Work required -
Reproduce, exactly and in full, only the lines below from the one containing "Pompeji, Herculaneum, Griechisch-Römische" through the one containing "freistehende badewanne vor".

Data excerpts -
+-------+
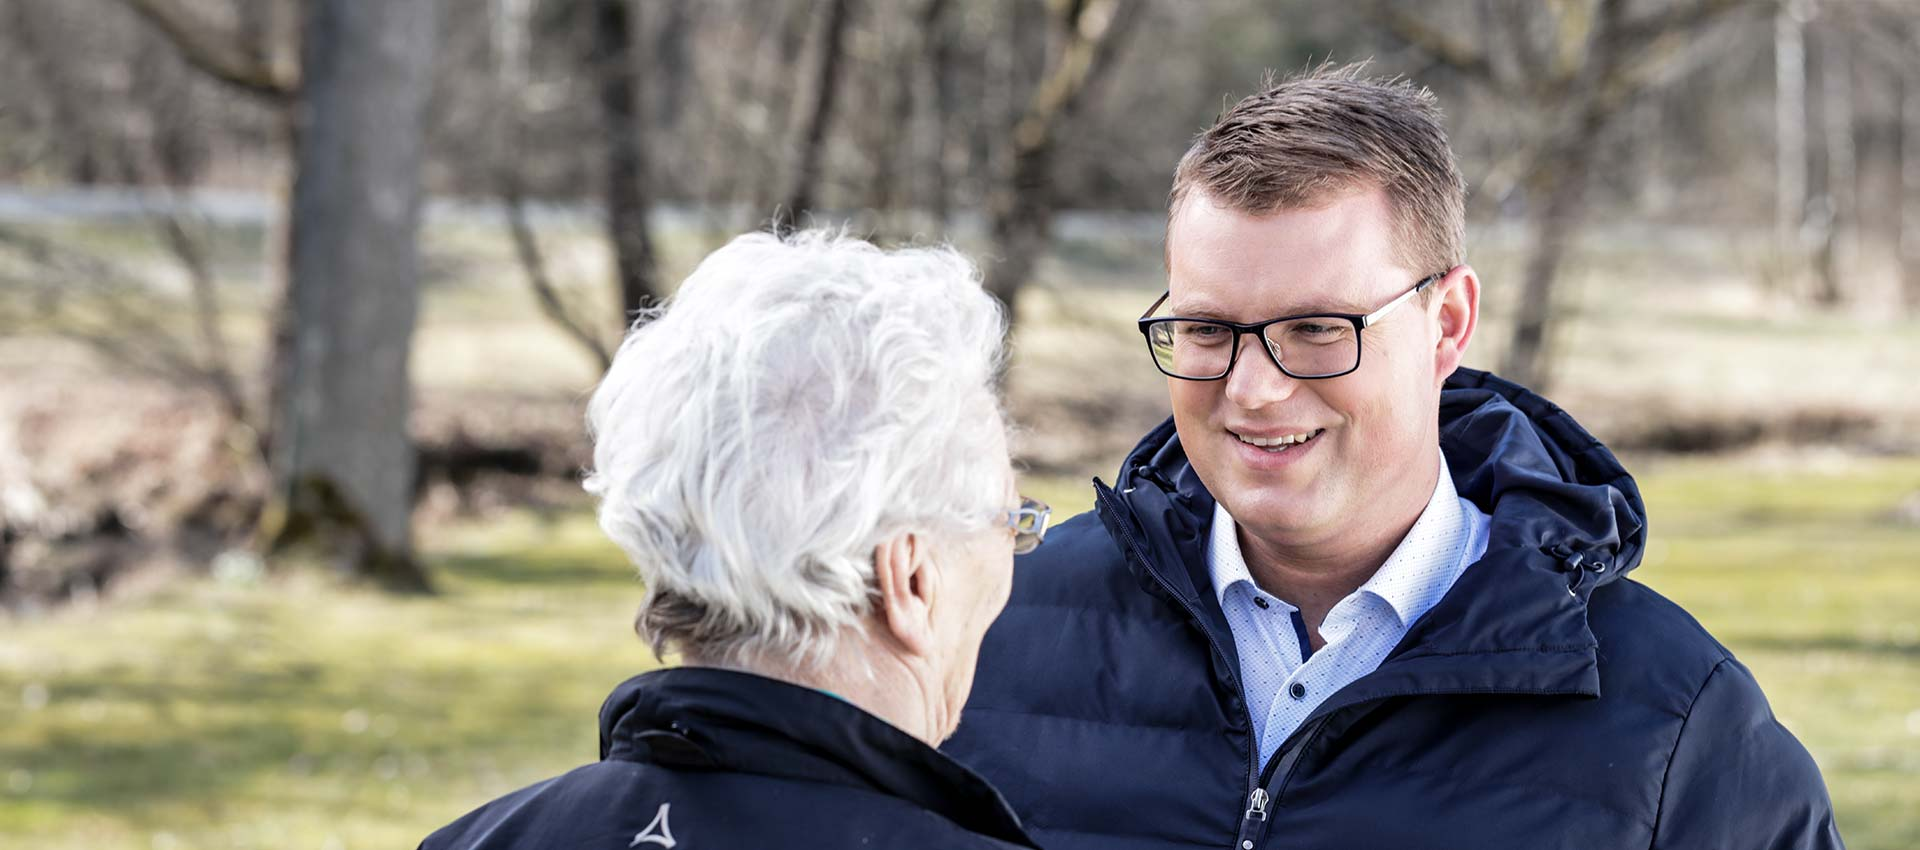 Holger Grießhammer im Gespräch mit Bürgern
+-------+
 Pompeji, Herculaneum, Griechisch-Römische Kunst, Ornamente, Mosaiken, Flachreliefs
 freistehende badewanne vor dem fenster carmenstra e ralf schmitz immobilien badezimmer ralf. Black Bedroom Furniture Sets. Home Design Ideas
+-------+
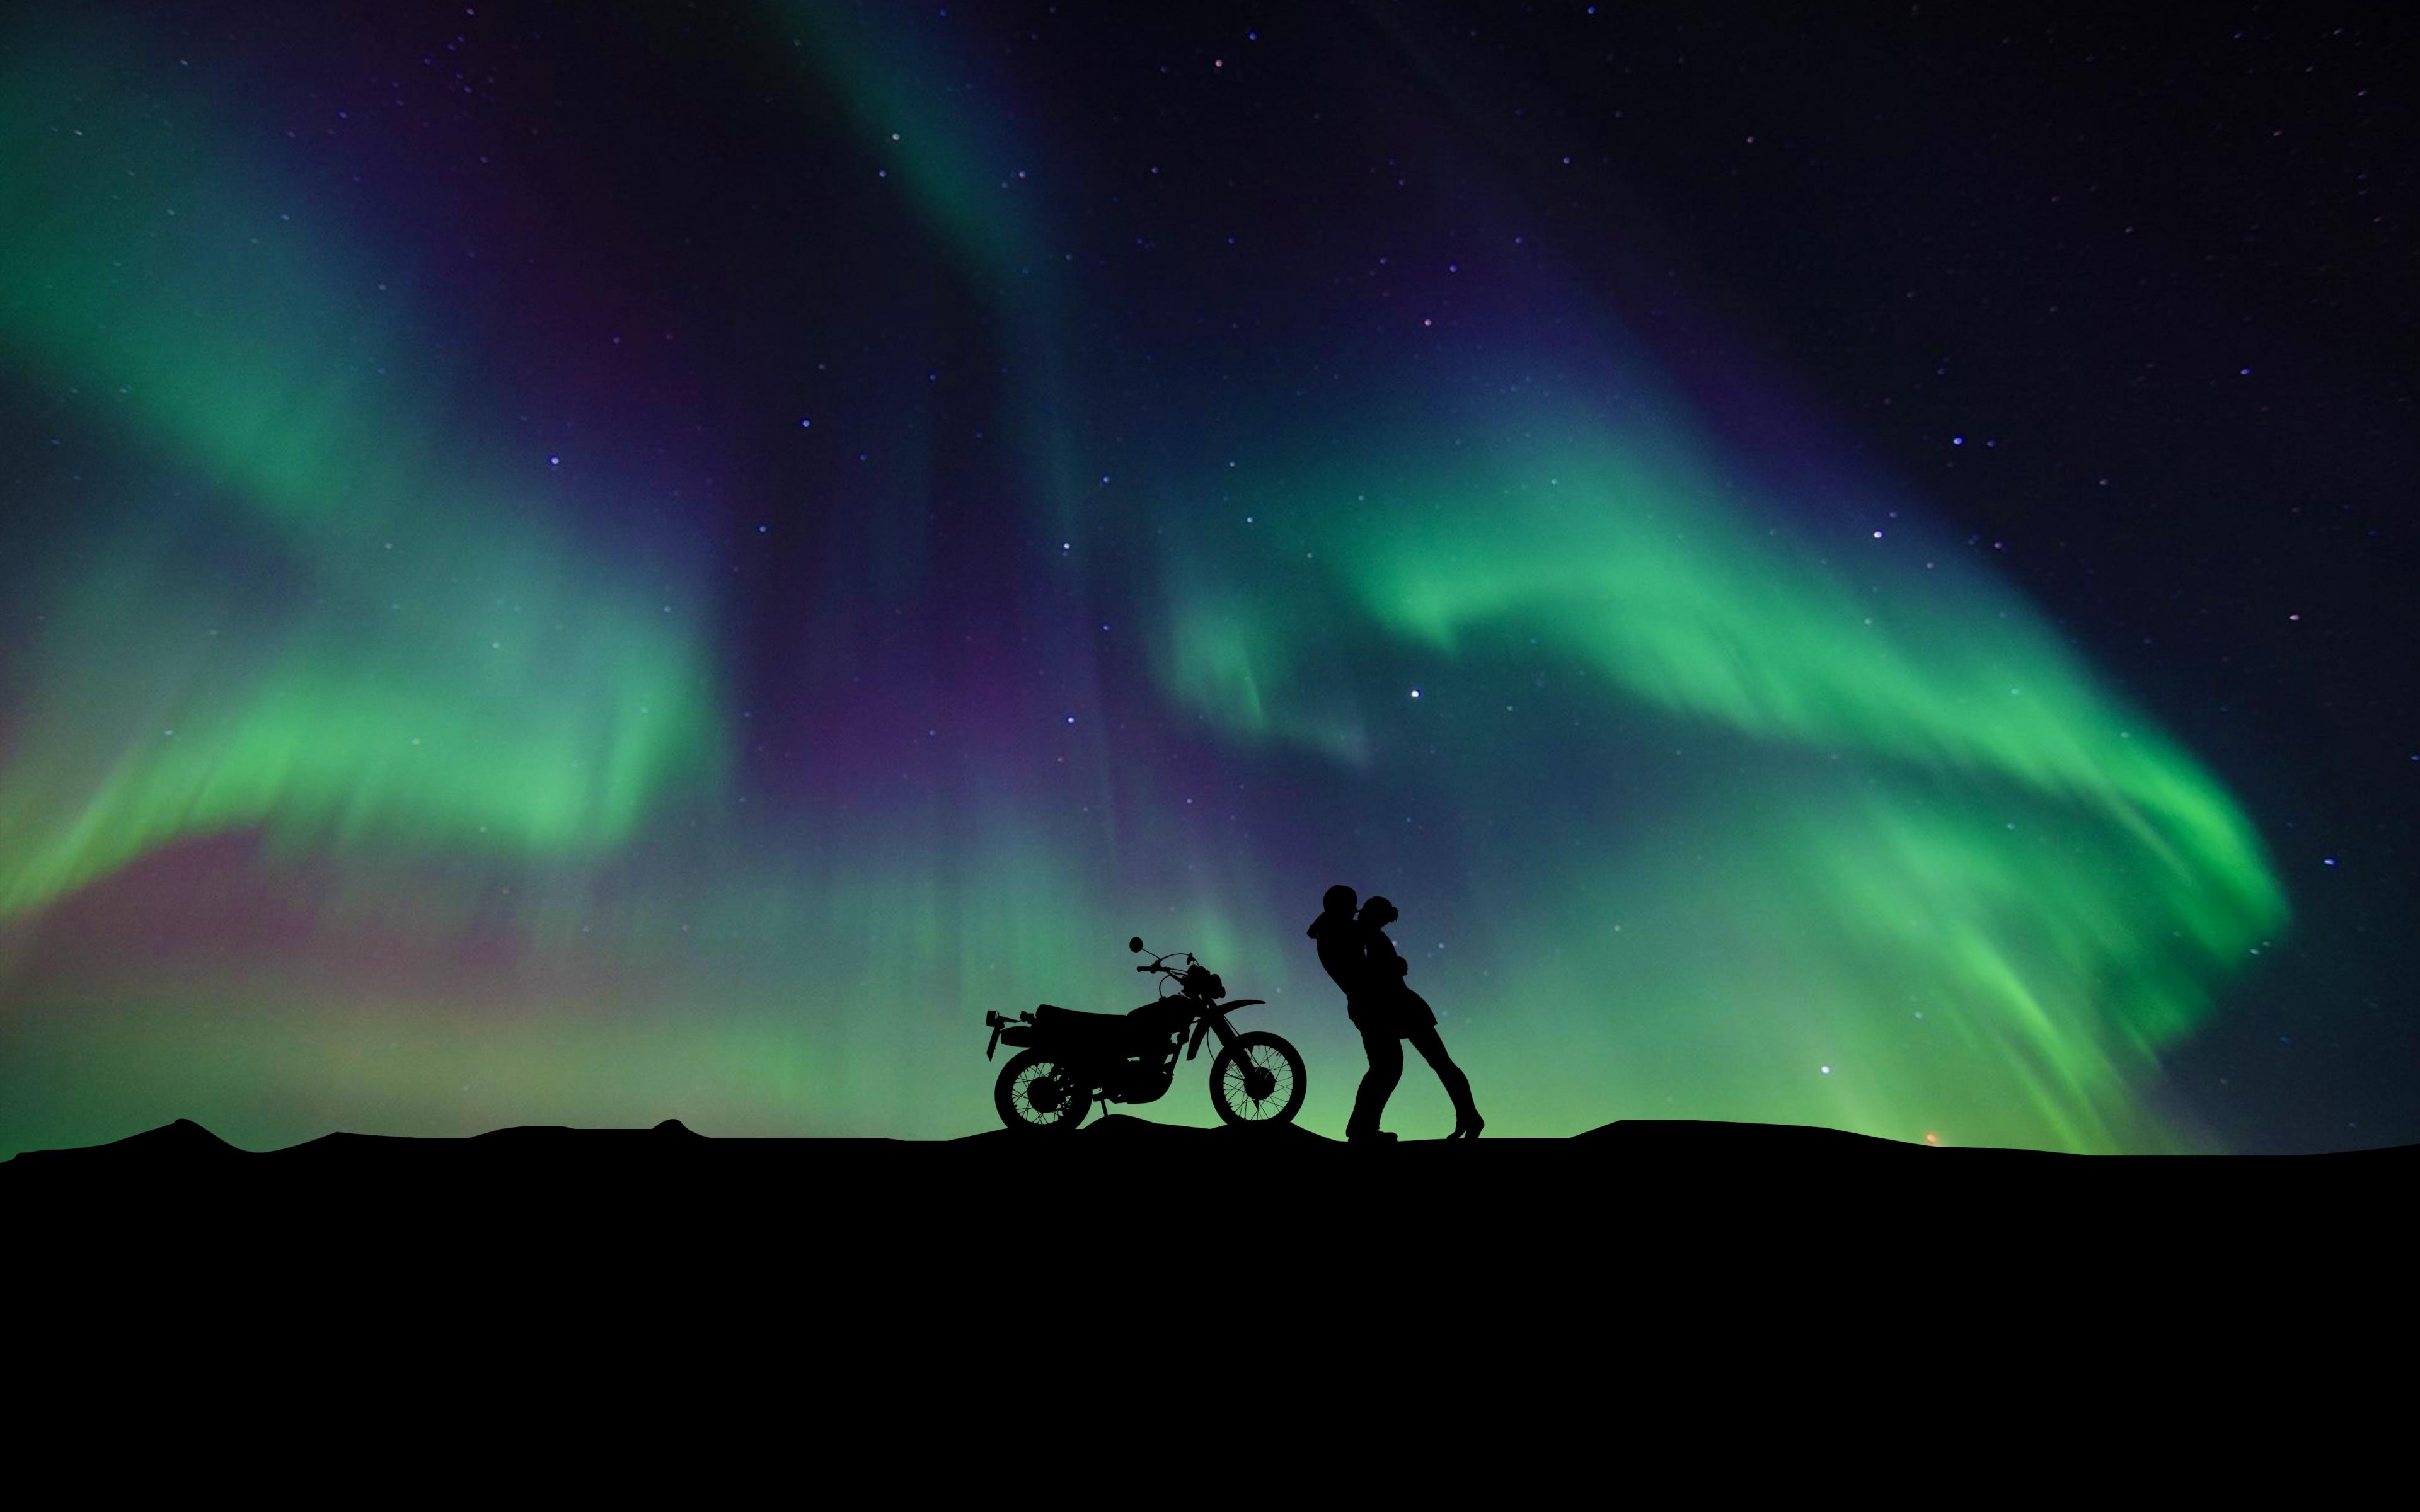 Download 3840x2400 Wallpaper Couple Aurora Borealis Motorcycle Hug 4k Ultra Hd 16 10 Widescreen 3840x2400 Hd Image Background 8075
+-------+
Written solution -
 Pompeji, Herculaneum, Griechisch-Römische Kunst, Ornamente, Mosaiken, Flachreliefs
 freistehende badewanne vor dem fenster carmenstra e ralf schmitz immobilien badezimmer ralf. Black Bedroom Furniture Sets. Home Design Ideas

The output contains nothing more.